The Optima Rider Recumbent Trike
Since I started riding recumbent bikes, I've been interested in recumbent tricycles, and had been considering buying one. Optima, a Dutch company, manufactures a wide range of recumbent bikes that have been well-reviewed. After reviewing the specs of the Optima Rider, and seeing the strength of the dollar relative to the franc, I decided that the Rider would meet my needs.
Because we planned our trip on very short notice, there was some doubt whether a Rider would be available for purchase. It happened that Optima had produced a Rider for a photo shoot that would be completed just prior to our arrival in France, so with less than a week to go before the trip started, we struck an agreement with Airodin to purchase the trike.
Unfortunately, due to a shipping problem, the trike didn't make it to our starting point, so the first day of the bike tour I had to ride a conventional bike (after the ride, I vividly recalled why I went recumbent in the first place.) Thanks to Claude's telephone searching and cajoling the manager of the shipping company, the trike was delivered to Claude on the afternoon of our first tour day and he brought it out to our B&B. After an hour or so of final assembly and set-up, the trike was ready to ride.
Basic specs of the Rider:
Note that this model of Rider differs from the one imported to the US by Yellowbike as it uses the SRAM 3-speed hub with 7 gear cassette (21 speed) rather than the front derailleur/crankset (24 speed). After I put more miles on the trike, I'll decide whether to upgrade to provide a wider gearing range. Options purchased were the rear cargo rack and front fenders (only fenders made by Optima will fit the front wheels.)
I added a set of Shimano 323 clipless pedals to improve pedaling efficiency - they also allow you to keep your feet on the pedals even when you're at a stop.
The Rider has a very low (seat height is 8 inches), reclined seating position. The seat is molded plastic with what appears to be carbon fiber reinforcement. An open cell foam pad that looks like a very porous sponge is attached to the seat with Velcro pads.
Ride comfort is excellent, thanks to the Ballistic shock absorber on the rear swing arm. Manholes and other road hazards could be straddled with the front wheels and the shock would soak up the bumps, for a very smooth ride. For me, the Rider is an ideal touring machine.
Like most recumbents, the Rider is not a speedy hill climber, particularly when you combine the trikes' rather beefy weight with my beefy weight and a bit of gear carried in panniers (the rear rack is rated for 50 pounds - we carried only about 20 lbs of day trip gear and tools). On flat terrain, it cruises pretty well - not having a computer on board for the tour, it's hard to tell for sure, but I think cruise speeds are comparable to my Vision R44. Downhill though, the Rider is a blast - combine the low seating position with speeds in the high 30's on a curvy downhill and you've got the perfect adrenaline machine.

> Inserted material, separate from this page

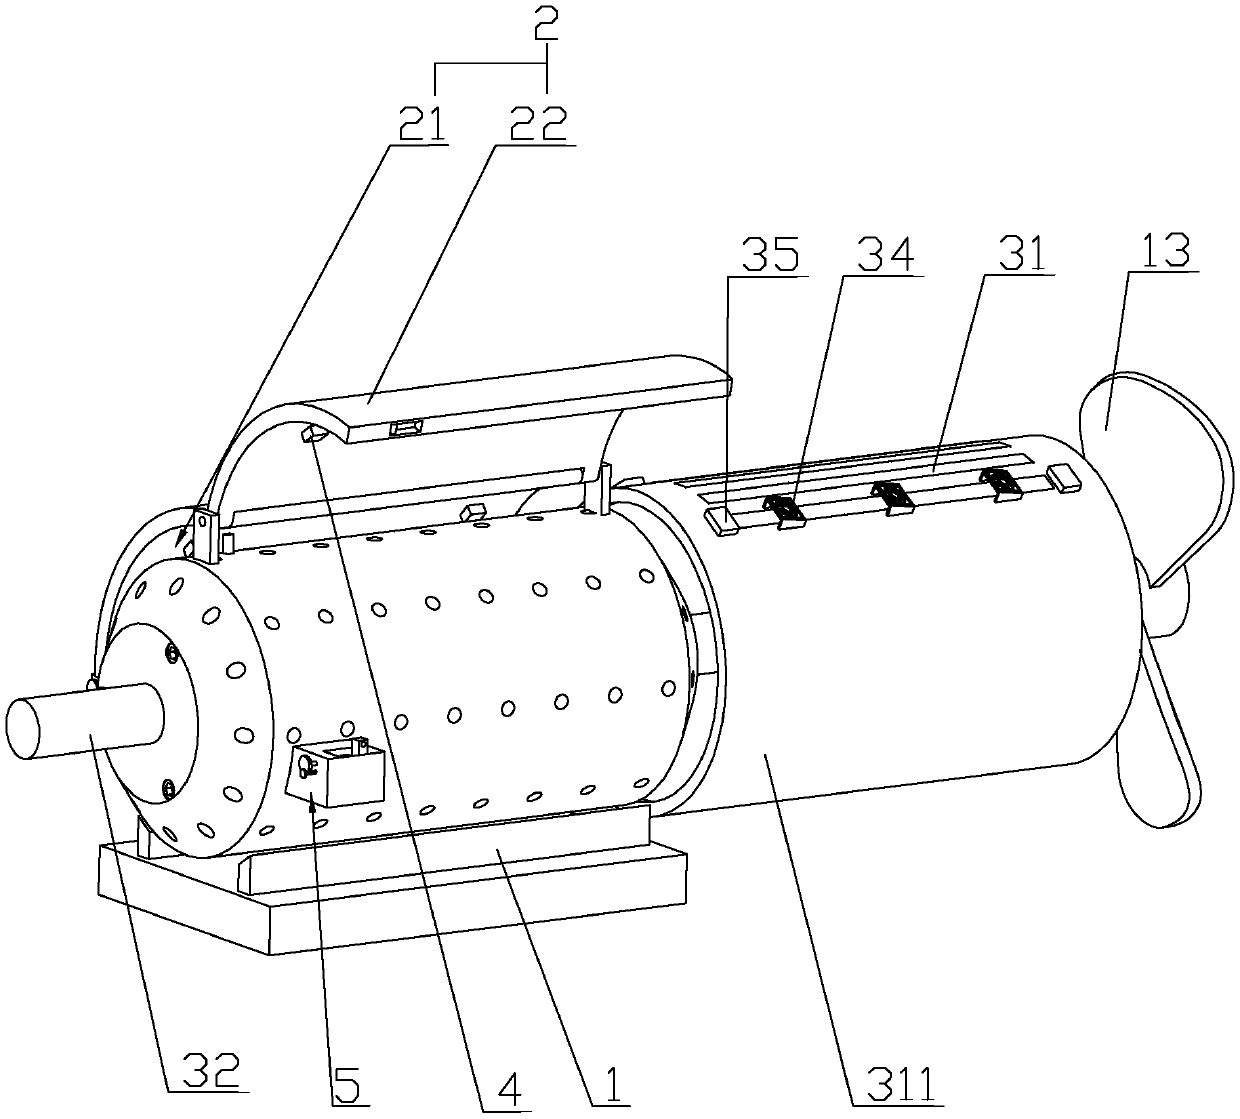 Three-phase asynchronous motor for explosion-proof fan

So, what's the downside? Front tire wear was horrible. After around 150 miles, the Vredsteins are worn down almost to the casing. The wear appears even, so I didn't think it was due to an alignment problem. After I did the basic reassembly, I took the trike to Britton's Bike Shop for final tuning. The techs found toe-in to be excessive, which may be the culprit. Airodin says that the Vredstein is not the best tire for this trike, but they use them because they are inexpensive. They also note that high speeds and aggressive riding can contribute to excessive tire wear. I've ordered a pair of Schwalbe City Jet 406 X 1.25 to try. Hopefully, they will last longer. Another beef is the lack of braze-ons for a water bottle, so I'll have to go with a Camelback bladder in a rack bag, but that's not a major issue.
Bottom line, if you're going to Europe and are in the market for a trike, check out the Optima. European prices are approximately 1/2 the U.S. importer's price. It can be disassembled into a pretty small package or two - I had no problems with the airlines (Air France and American) accepting the box, though it was a pain to lug through Charles de Gaulle airport (and weighed 44 kg!), even with a luggage cart. One neat thing about bringing it home was that we discovered that there are no import duties on tricycles, so we didn't have to pay an import fee.